# Moderators and Mediators? An odd Elgee idea.



## HLGStrider (Mar 28, 2003)

This sort of goes along with the C9, but the Mediators, my brainchildren, wouldn't have any extra powers. . .they'd just be a squad team for peace   

A lot of times an arguement will start to get out of hand when it gets tough. People will stray towards calling each other names. At this point the "quest is balanced on the edge of knife." 

It can go two ways. . .A third party can step in and calm them down with a more reasoned appeal, sorting out the issue, or the moderators can give a warning or shut things down.

What if there were a squad of people who could be called upon to mediate before things get bad enough to merit Mod Intervention? 

These would not necessarilly have to be people who would sit in the middle of the fence to hold the people back. I'd pick the people who can argue without getting mad or disagree without attacking the opponent. We have LOTS of people like that on here, I'm thankful to say. 
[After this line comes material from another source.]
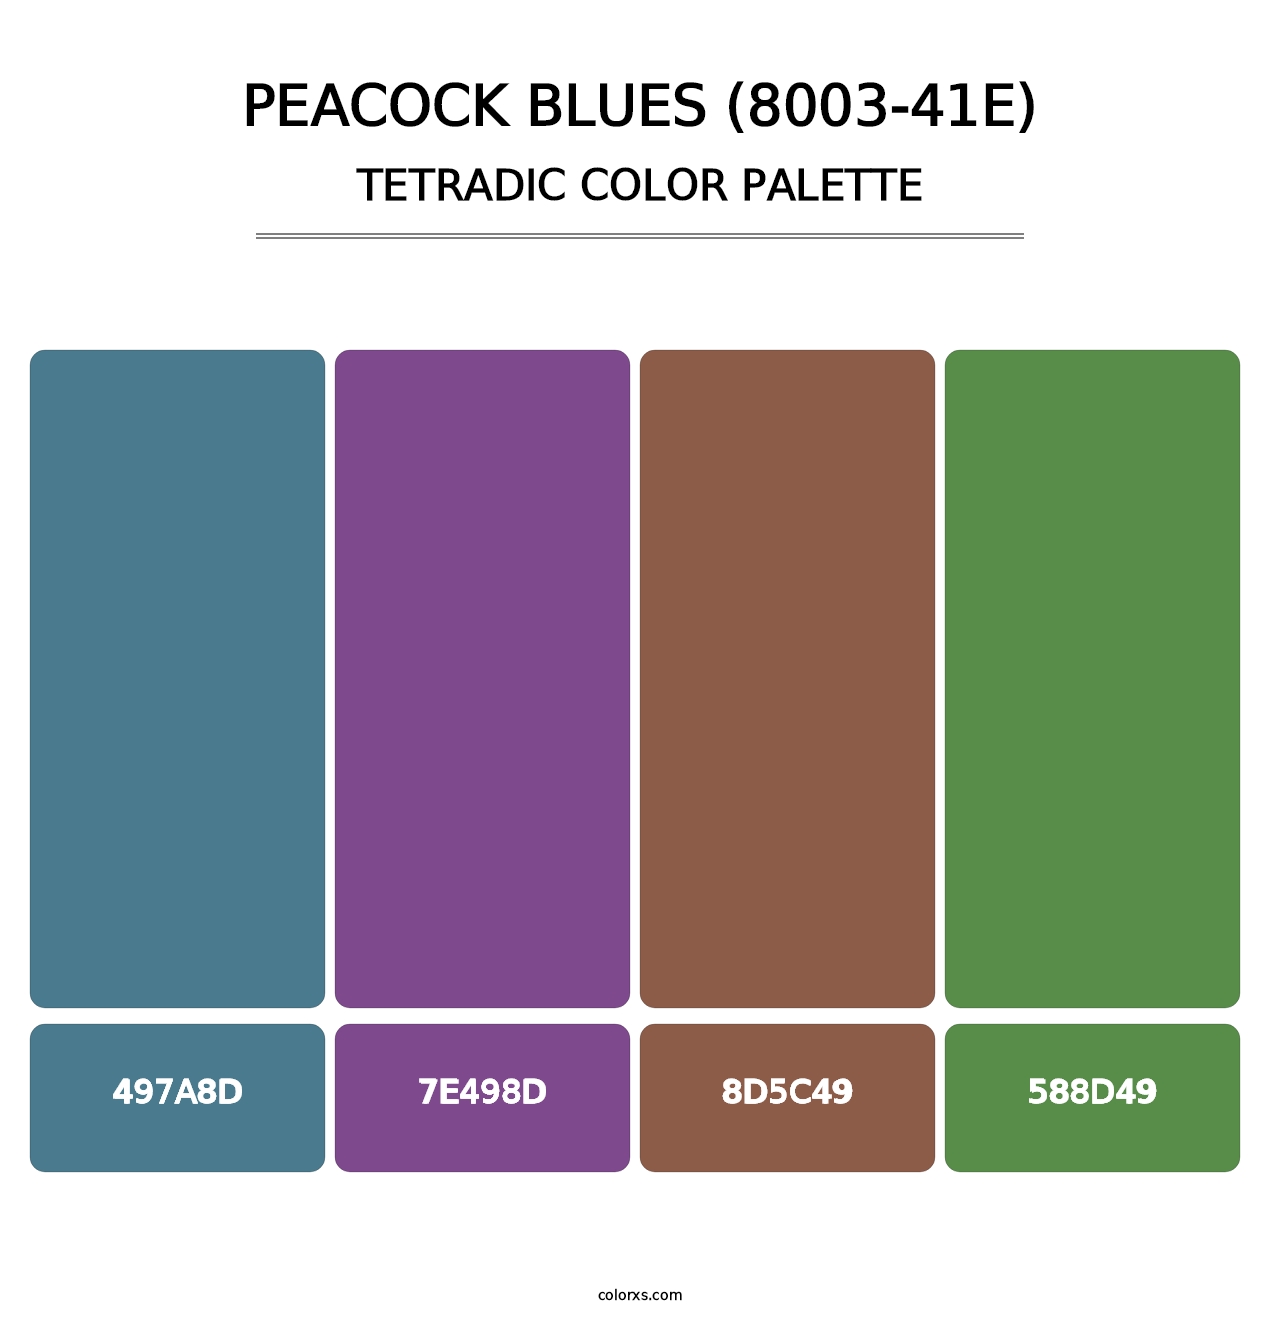 Peacock Blues (8003-41E) - Tetradic Color Palette

So what I would propose is to make a list of them so that when things get hot one could be called to step in. . . This would not be an official title. There would be no power involved. . .just interceptors, ready with buckets of ice to cool things down before the Mods are forced to use a fire hose. 

What say thee?


----------



## MacAddict (Mar 28, 2003)

Interesting, but more of a Strike Force, Ya know like Speical Ops or something . On a seriuos note: Sounds good, you have the MacAddict's Seal of Interestingness.



~MacAddict


----------



## Aulë (Mar 28, 2003)

Indeed, this sounds like a good idea.

How large would this 'group' be?


----------



## YayGollum (Mar 28, 2003)

Sure, why not? Sounds a lot less scary than moderators.


----------



## Niniel (Mar 28, 2003)

It sounds like a good idea. You would have a group who could mediate if there are problems between members, and also if there are problems between a member and a moderator. But how are these people going to be selected?


----------



## Aulë (Mar 28, 2003)

I belive that we nominate them.

I might as well start it off by nominating Nenya Evenstar and Elbereth


----------



## YayGollum (Mar 28, 2003)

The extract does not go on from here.